YOUR TASK:
Transcribe everything in the listing as written, and let no image into the copy.

GIVEN INFORMATION:
Segment Open

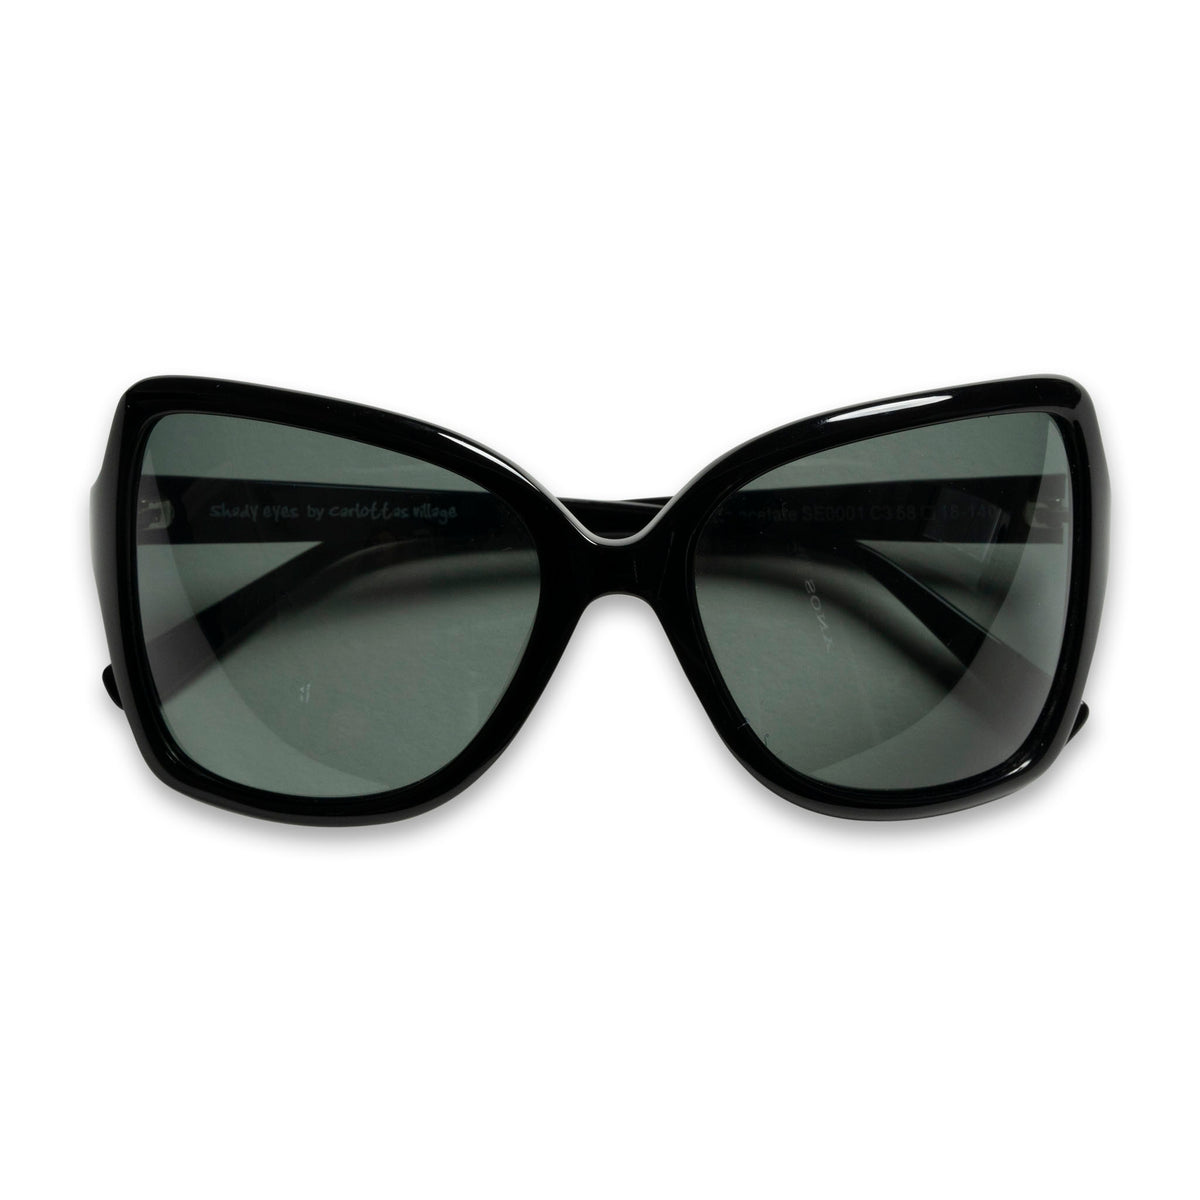 Carlottas-village-butterfly-acetate-sunglasses-black
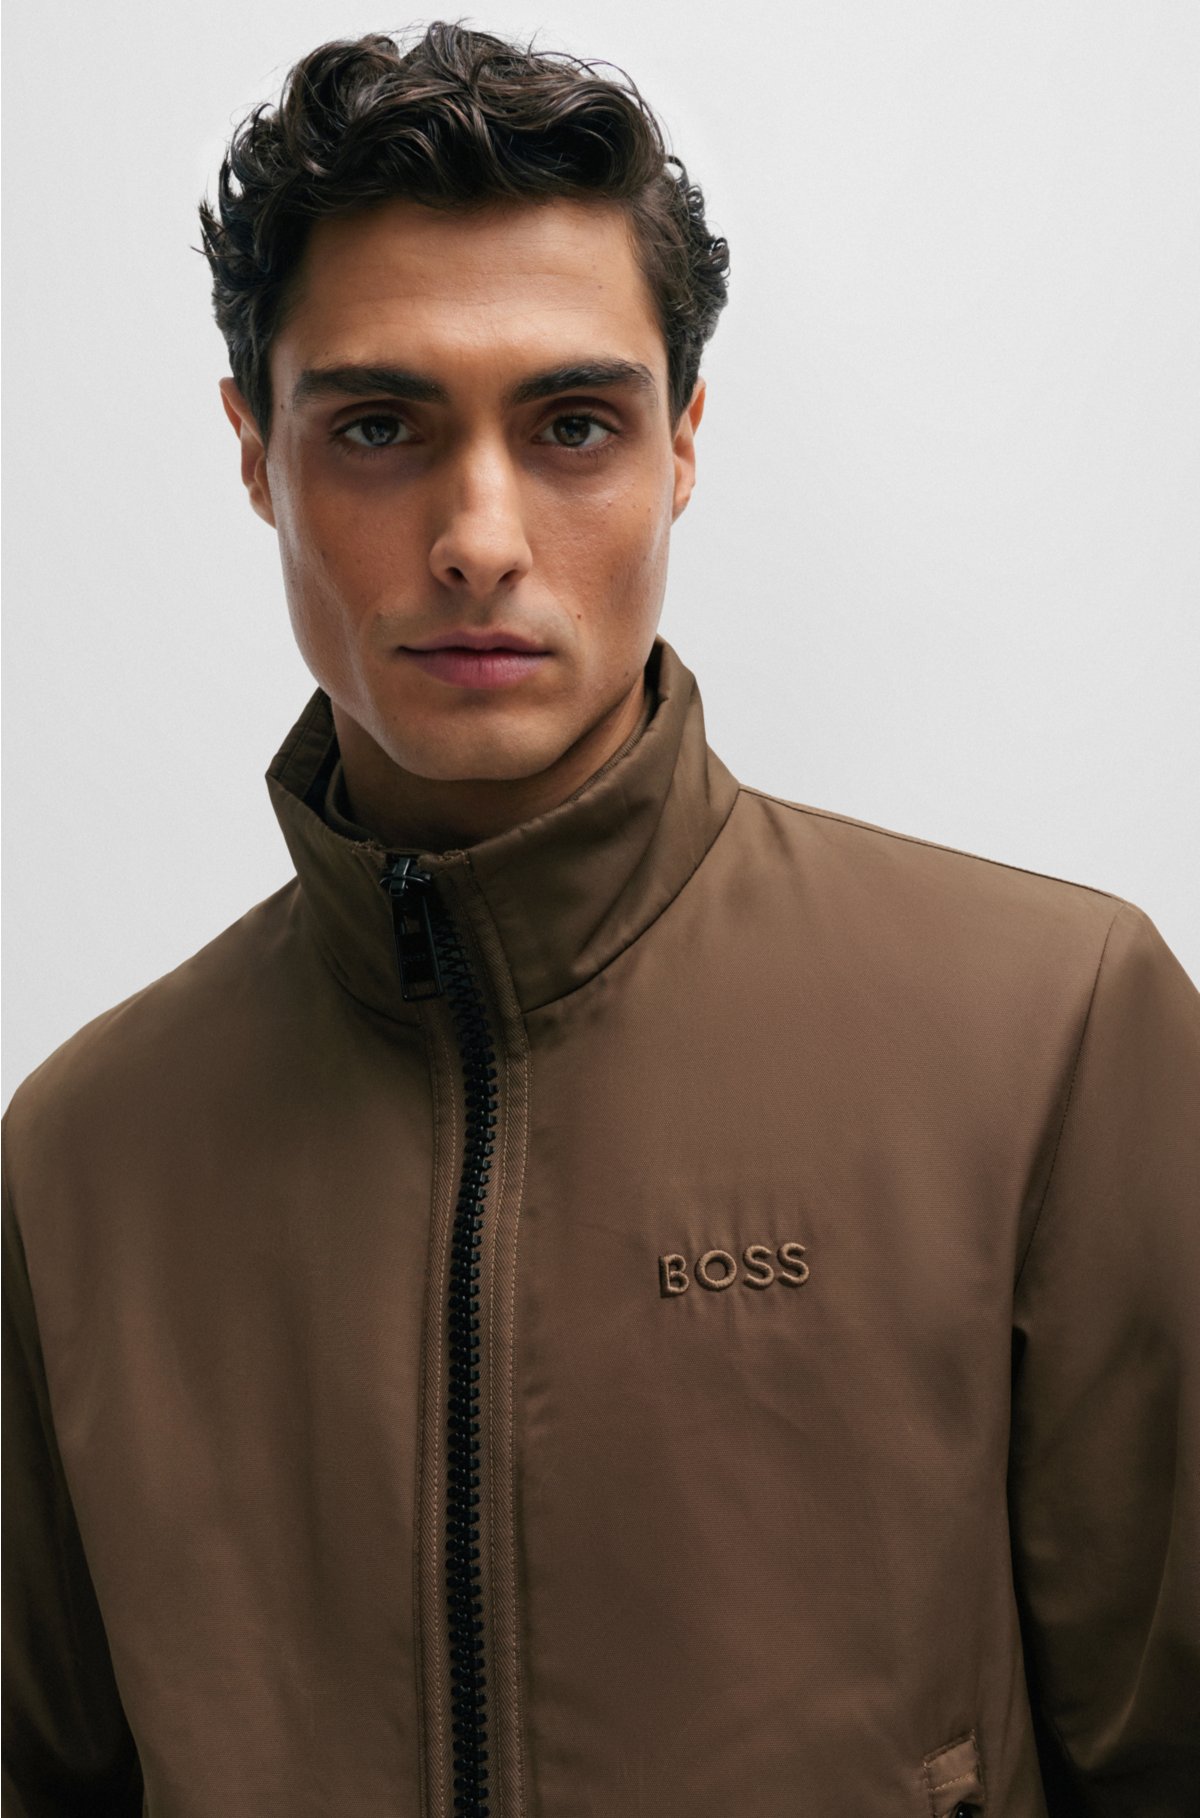 Regular-fit jacket with logo detail, Brown
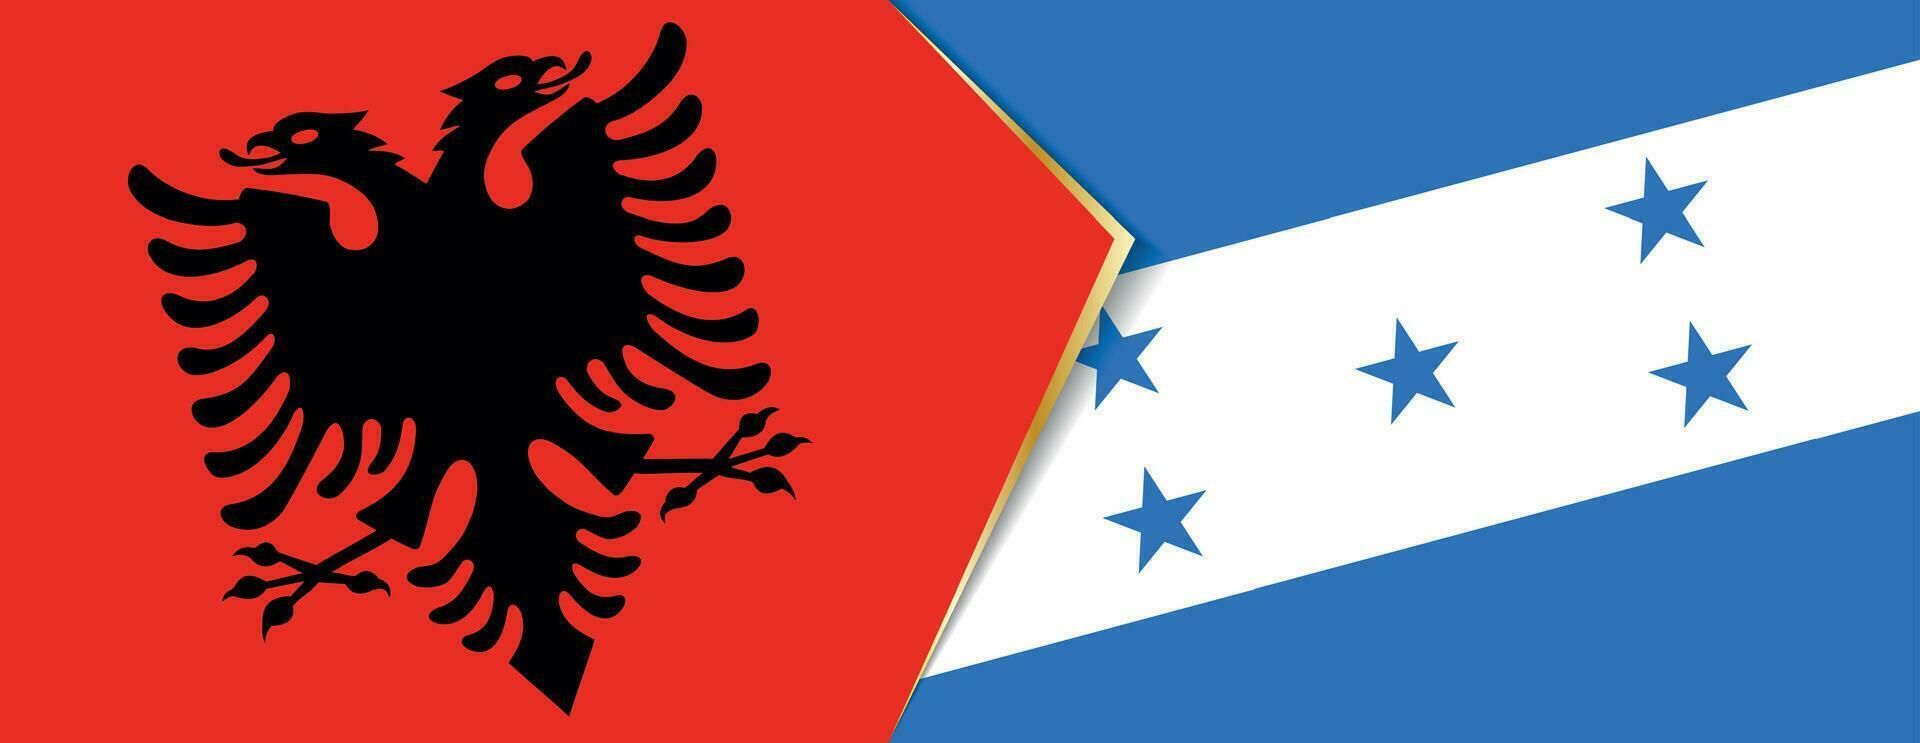 Albania e Honduras bandiere, Due vettore bandiere.

Segment Closed

WORKED SOLUTION:
 Carlottas-village-butterfly-acetate-sunglasses-black
 Regular-fit jacket with logo detail, Brown
 Albania e Honduras bandiere, Due vettore bandiere.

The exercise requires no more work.